→ **TASK TO COMPLETE**: Wherever the listing holds a picture, leave it out, and copy the remainder exactly.

→ **RECORDED INFORMATION**:
━━━━

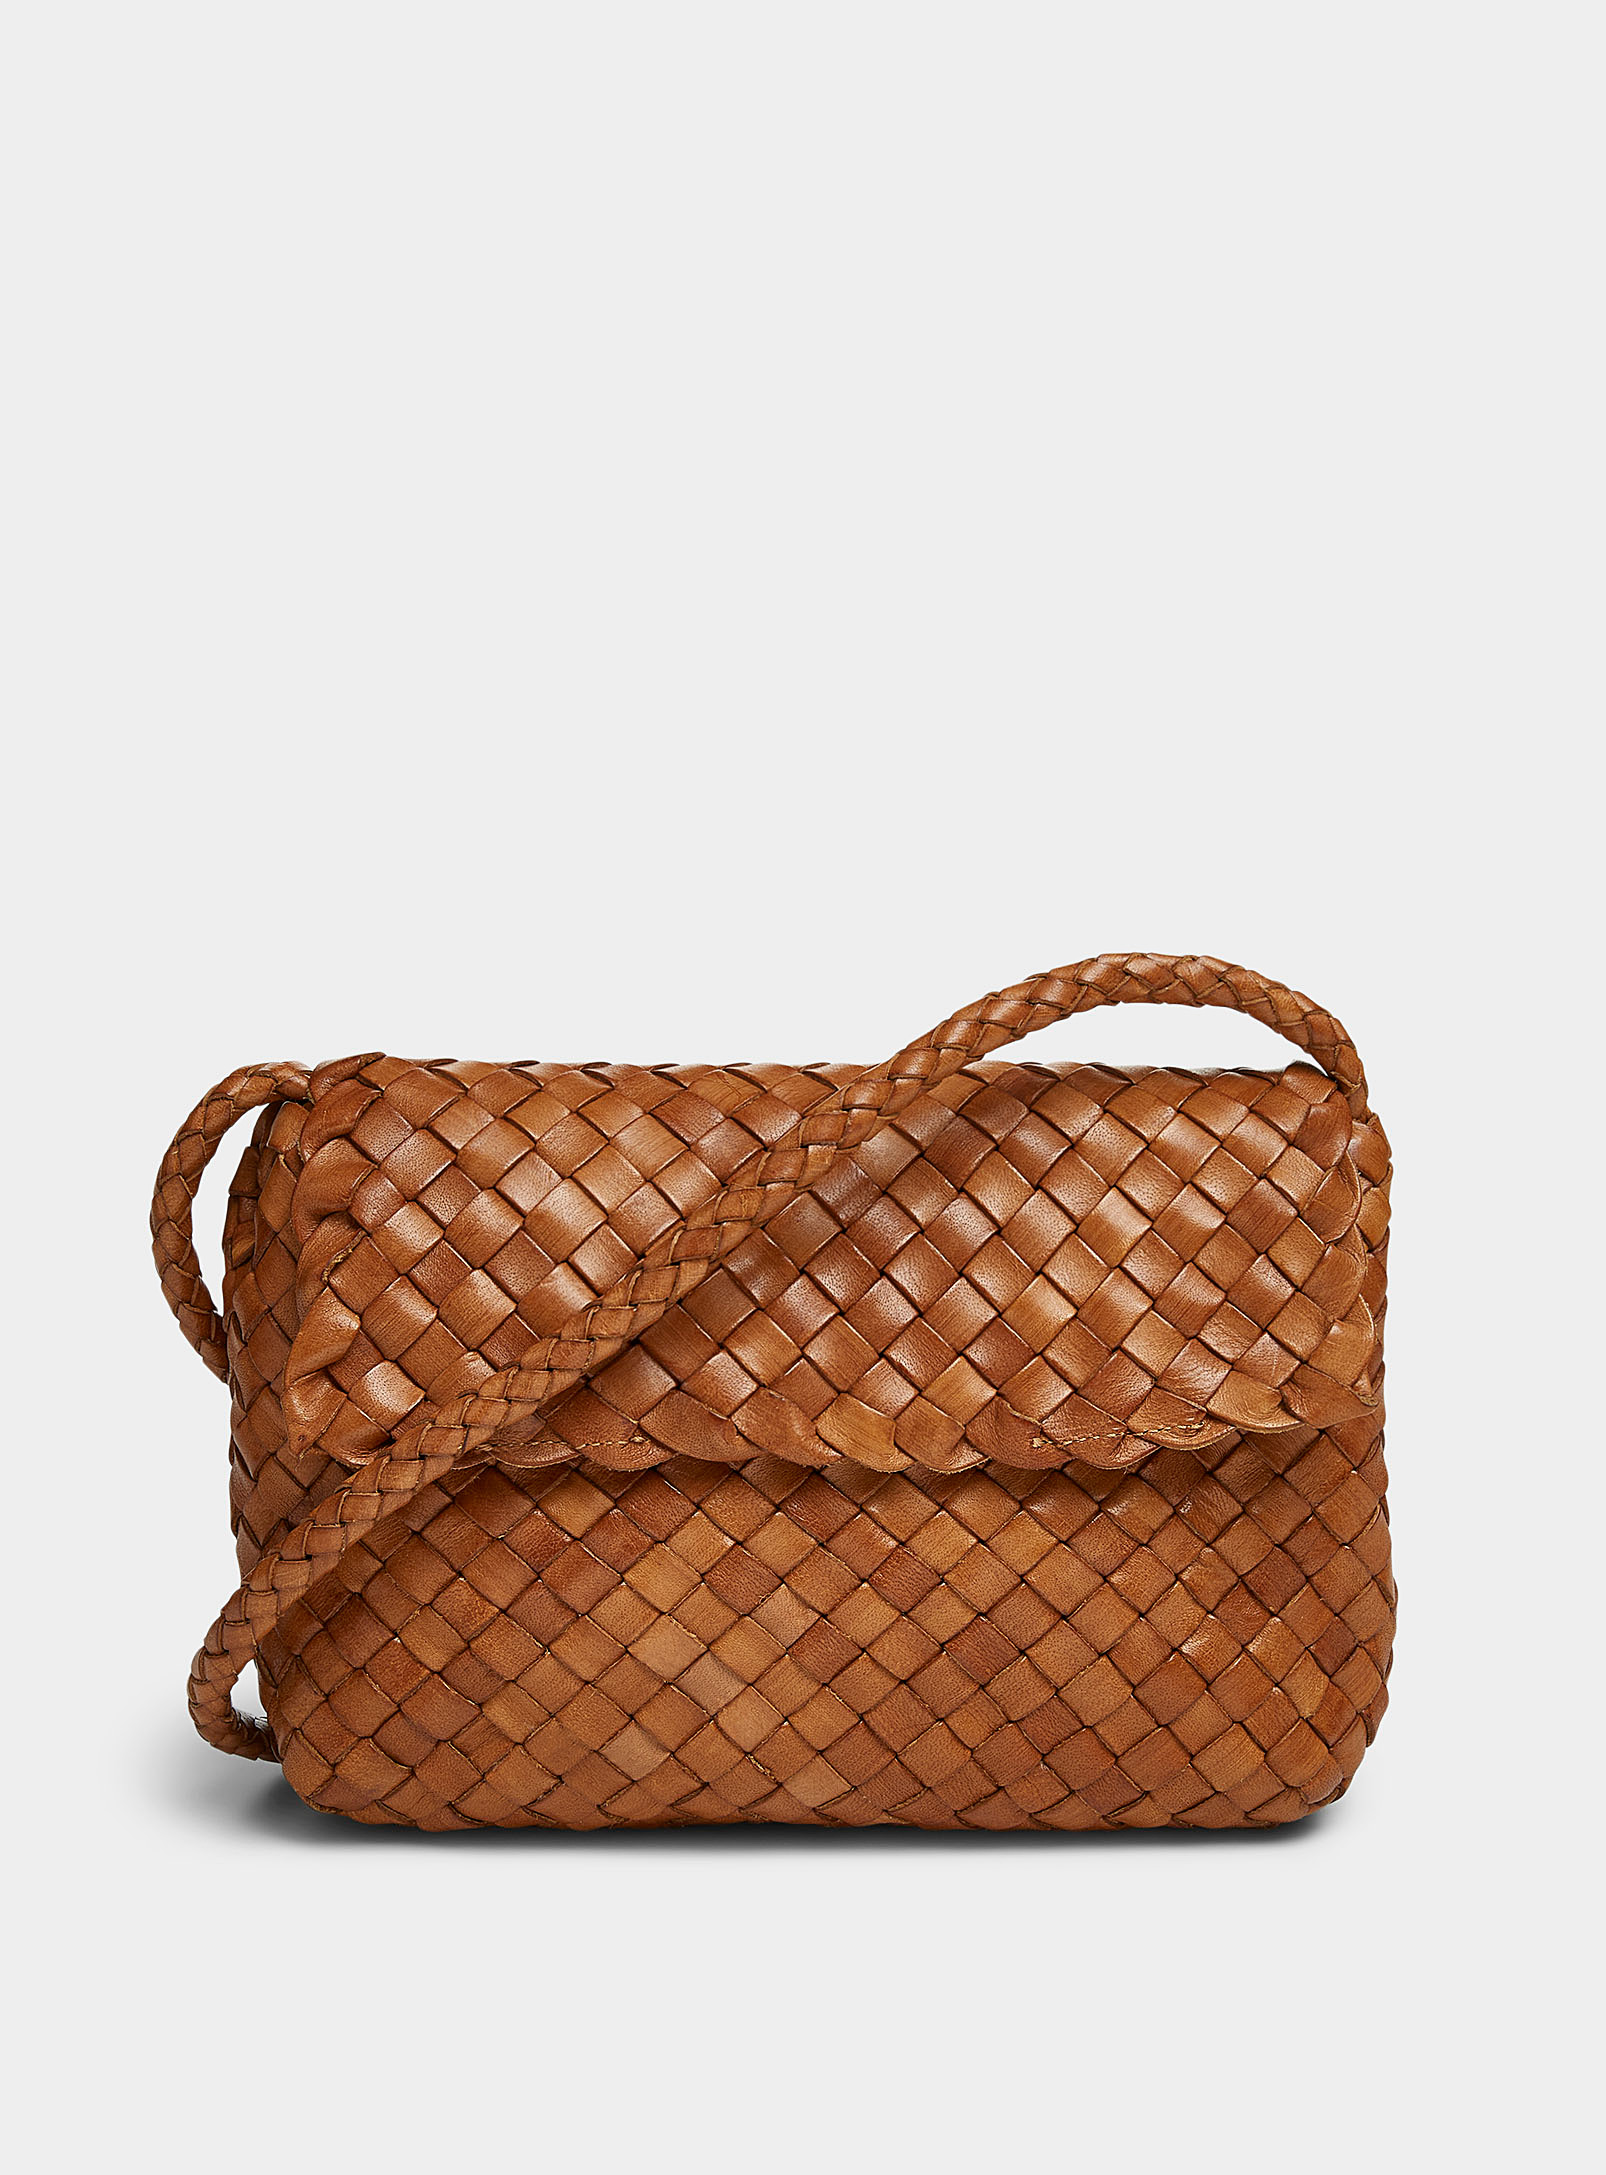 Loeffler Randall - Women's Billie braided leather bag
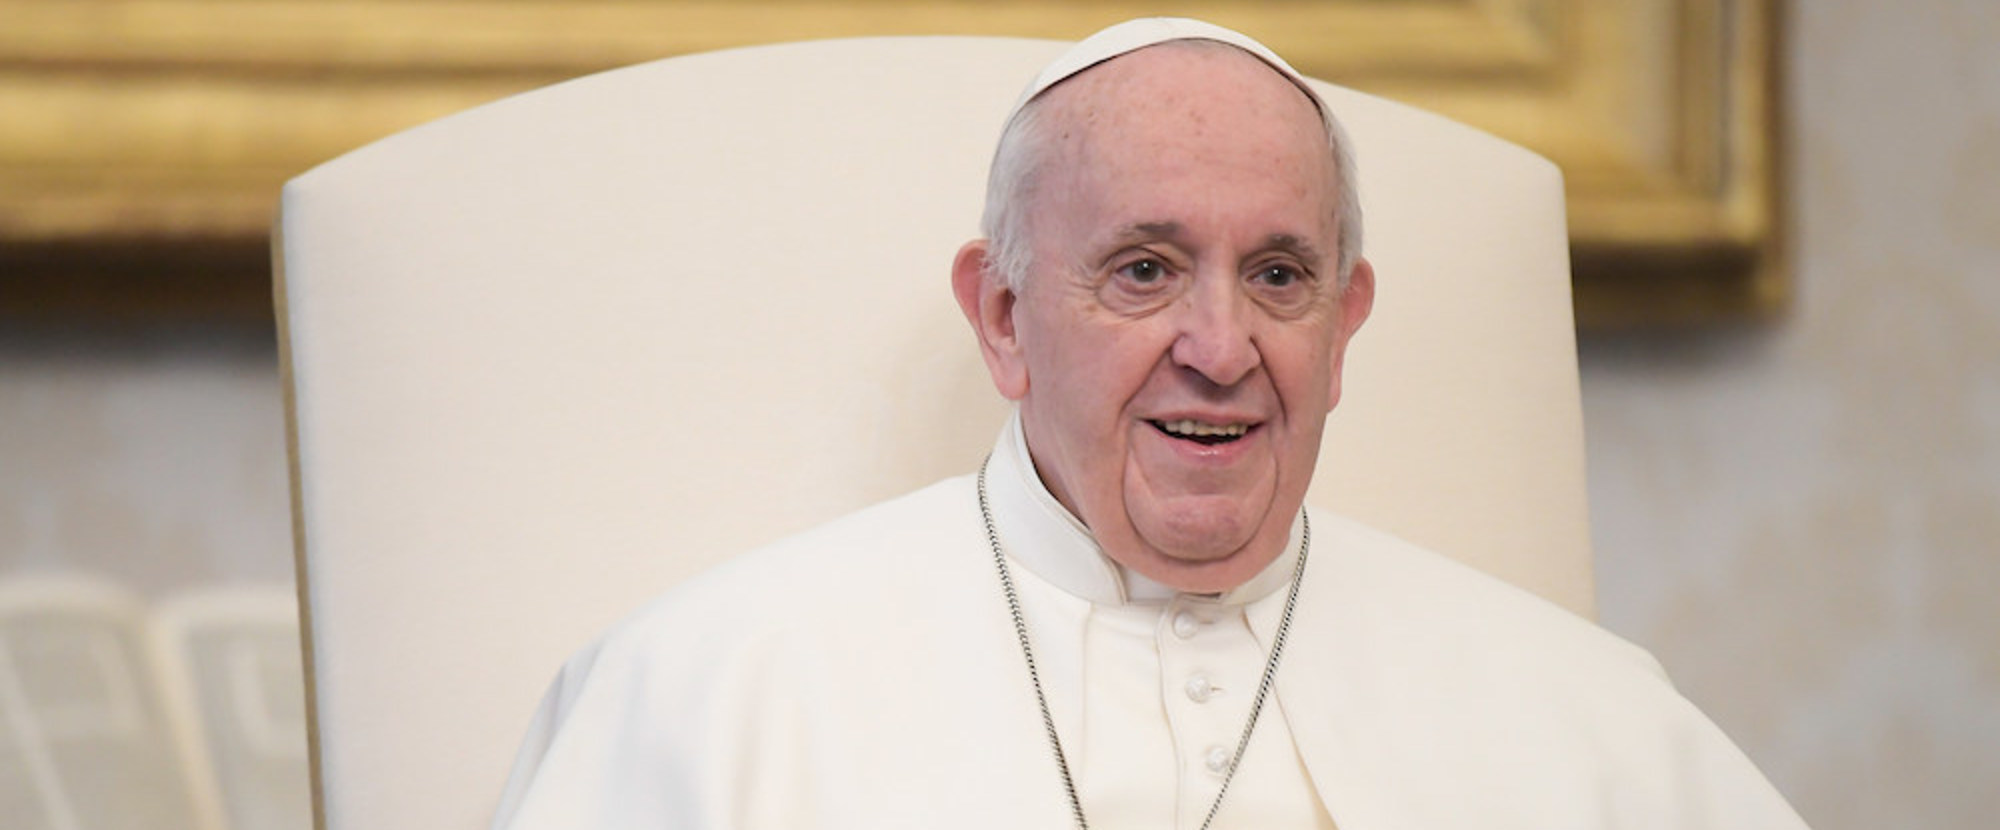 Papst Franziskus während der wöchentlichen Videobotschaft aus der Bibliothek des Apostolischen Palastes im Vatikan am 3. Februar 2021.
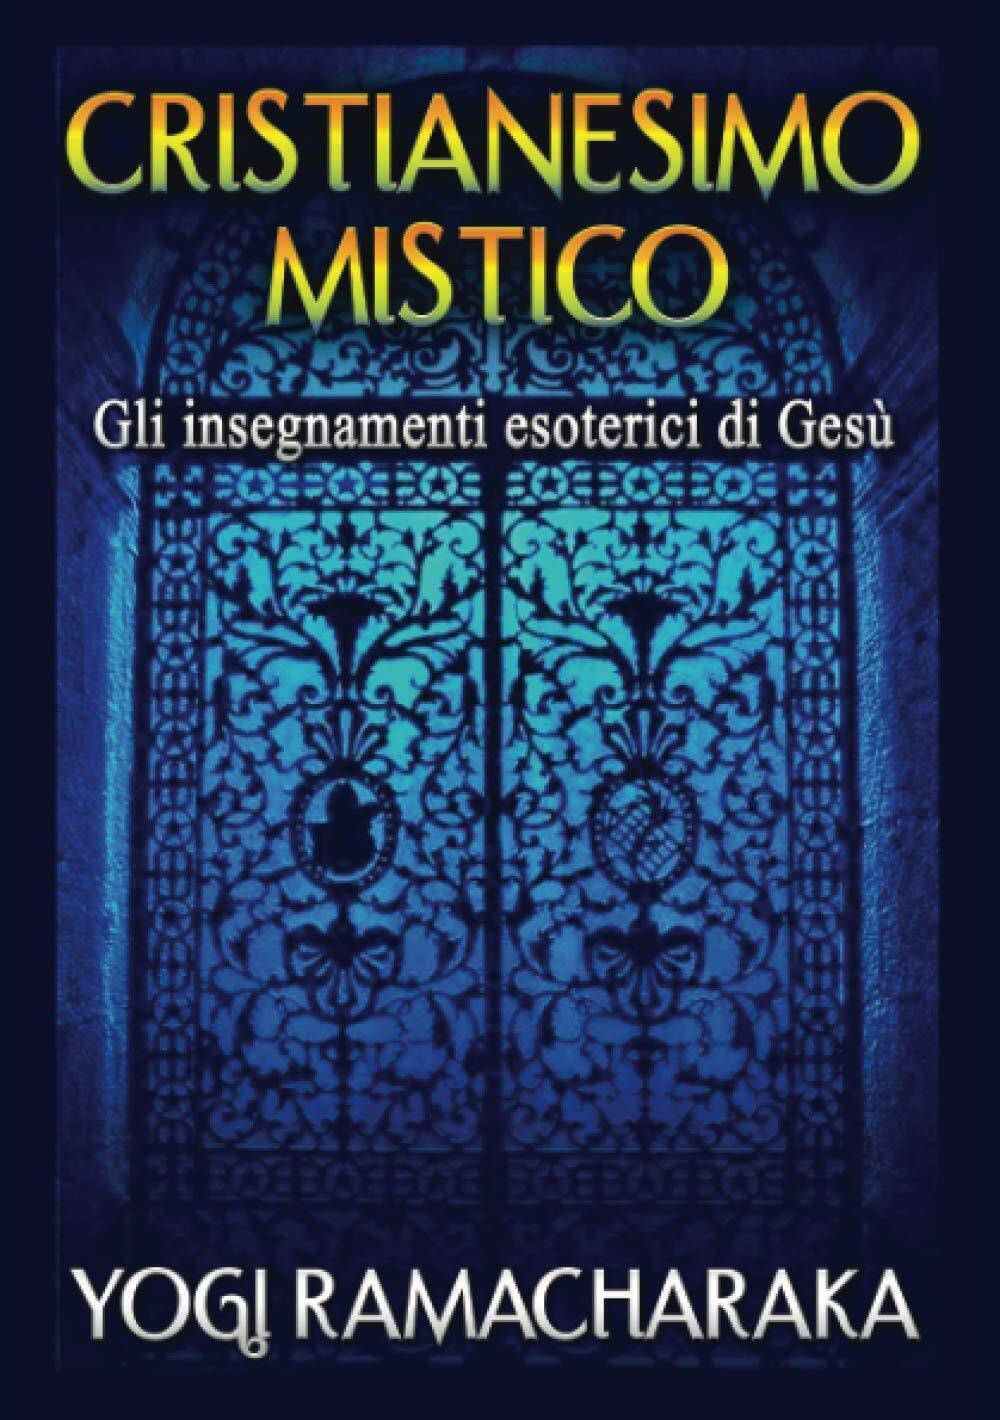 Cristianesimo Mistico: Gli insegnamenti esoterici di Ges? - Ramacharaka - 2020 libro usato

━━━━

→ **YOUR SOLUTION**:
 Loeffler Randall - Women's Billie braided leather bag
 Papst Franziskus während der wöchentlichen Videobotschaft aus der Bibliothek des Apostolischen Palastes im Vatikan am 3. Februar 2021.
 Cristianesimo Mistico: Gli insegnamenti esoterici di Ges? - Ramacharaka - 2020 libro usato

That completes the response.